NOTES TO CONSOLIDATED FINANCIAL STATEMENTS (UNAUDITED)

 

FOR THE THREE MONTH

PERIODS ENDED MARCH 31, 2004 AND 2003

 

NOTE 1 – ORGANIZATION AND SIGNIFICANT ACCOUNTING PRINCIPLES

 

Gulf Island Fabrication, Inc., together with its subsidiaries, (the “Company”) is a leading fabricator of offshore drilling and production platforms and other specialized structures used in the development and production of offshore oil and gas reserves. Structures and equipment fabricated by the Company include jackets and deck sections of fixed production platforms; hull and/or deck sections of floating production platforms (such as TLP’s, SPAR’s and FPSO’s); piles; wellhead protectors; subsea templates; various production, compressor and utility modules; and offshore living quarters. The Company, located in Houma, Louisiana, also provides services such as offshore interconnect pipe hook-up; inshore marine construction; manufacture and repair of pressure vessels; and steel warehousing and sales.
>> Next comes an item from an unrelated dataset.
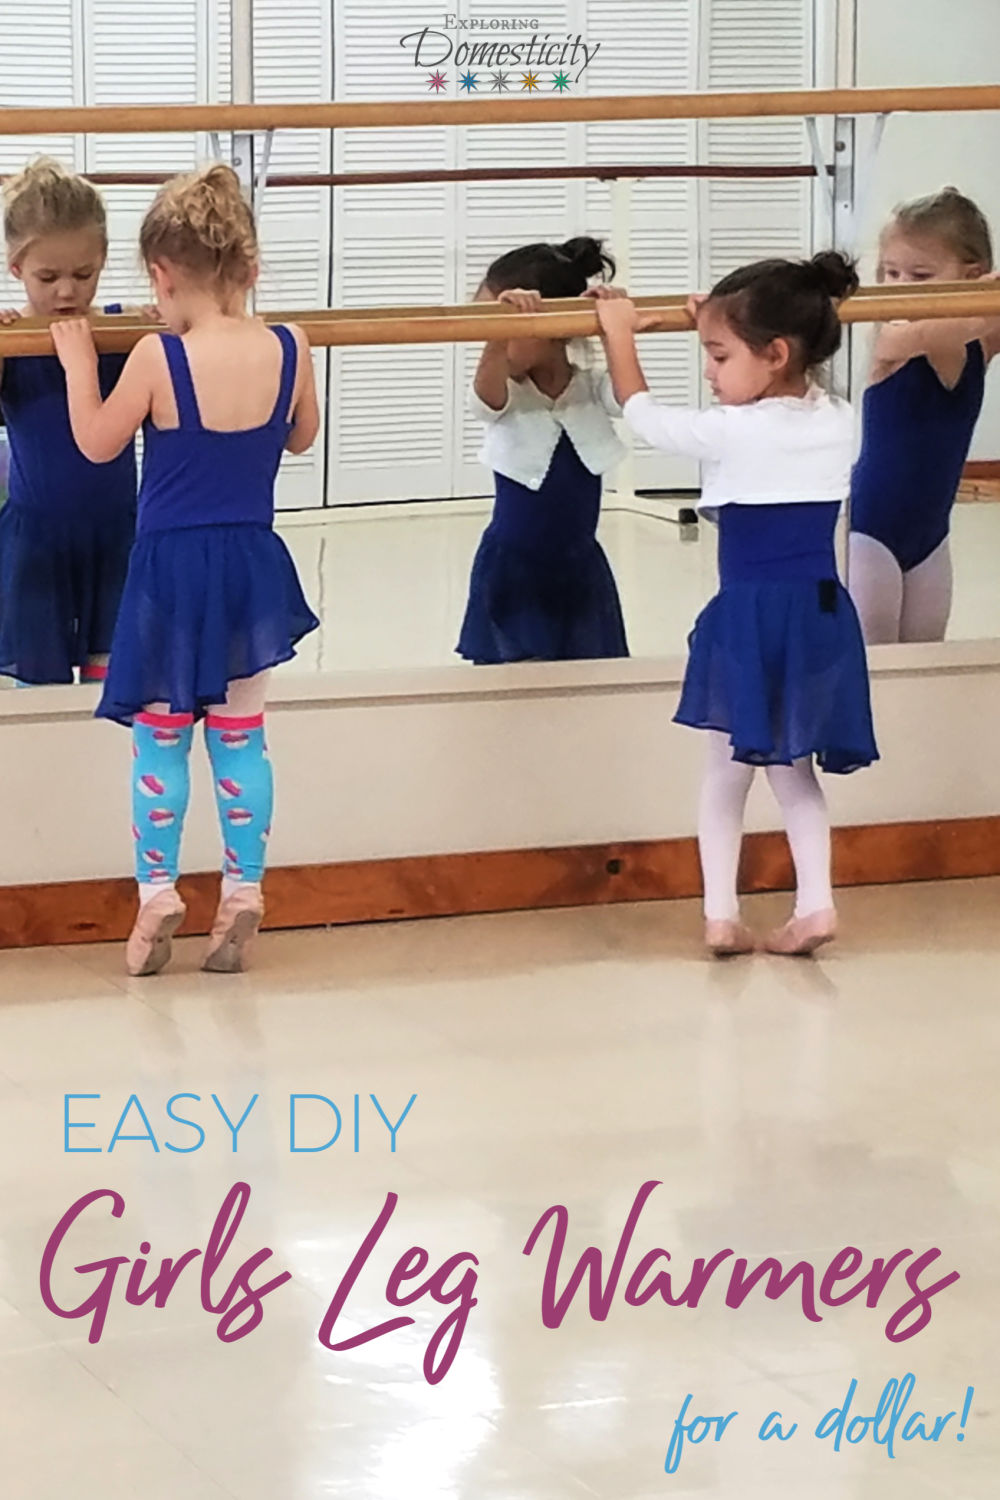 Kids Girls Leg Warmers Plain Glittery Footless 80s Dance Ballet Fancy Dress

The Company’s principal markets are concentrated in the offshore regions of the Gulf of Mexico. The consolidated financial statements include the accounts of the Company and its subsidiaries. All significant intercompany balances and transactions have been eliminated in consolidation.

 

The accompanying unaudited condensed consolidated financial statements have been prepared in accordance with generally accepted accounting principles for interim financial information and with the instructions to Form 10-Q and Article 10 of Regulation S-X. Accordingly, they do not include all of the information and footnotes required by generally accepted accounting principles for complete financial statements. In the opinion of management, all adjustments (consisting of normal recurring accruals) considered necessary for a fair presentation have been included. Operating results for the three-month period ended March 31, 2004 are not necessarily indicative of the results that may be expected for the year ended December 31, 2004.

 

The balance sheet at December 31, 2003 has been derived from the audited financial statements at that date but does not include all of the information and footnotes required by generally accepted accounting principles for complete financial statements.

 

For further information, refer to the consolidated financial statements and footnotes thereto included in the Company’s annual report on Form 10-K for the year ended December 31, 2003.

 

NOTE 2 – ACCOUNTING FOR STOCK BASED COMPENSATION

 

In December 2002, the Financial Accounting Standards Board (“FASB”) issued Statement of Financial Accounting Standards No. 148 (“SFAS No. 148”), “Accounting for Stock-Based Compensation – Transition and Disclosure – An Amendment of SFAS No. 123,” which amends SFAS No. 123, “Accounting for Stock-Based Compensation.” SFAS No. 148 provides alternative methods of transition for an entity that voluntarily changes to the fair value based method of accounting for stock-based employee compensation and amends the disclosure provisions of SFAS No. 123 to require prominent disclosure about the effects on reported net income of an entity’s accounting policy decisions with respect to stock-based employee compensation. Additionally, SFAS No. 148 amends Accounting Principles Board (“APB”) Opinion No. 28, “Interim Financial Reporting,” to require disclosure about those effects in interim financial information.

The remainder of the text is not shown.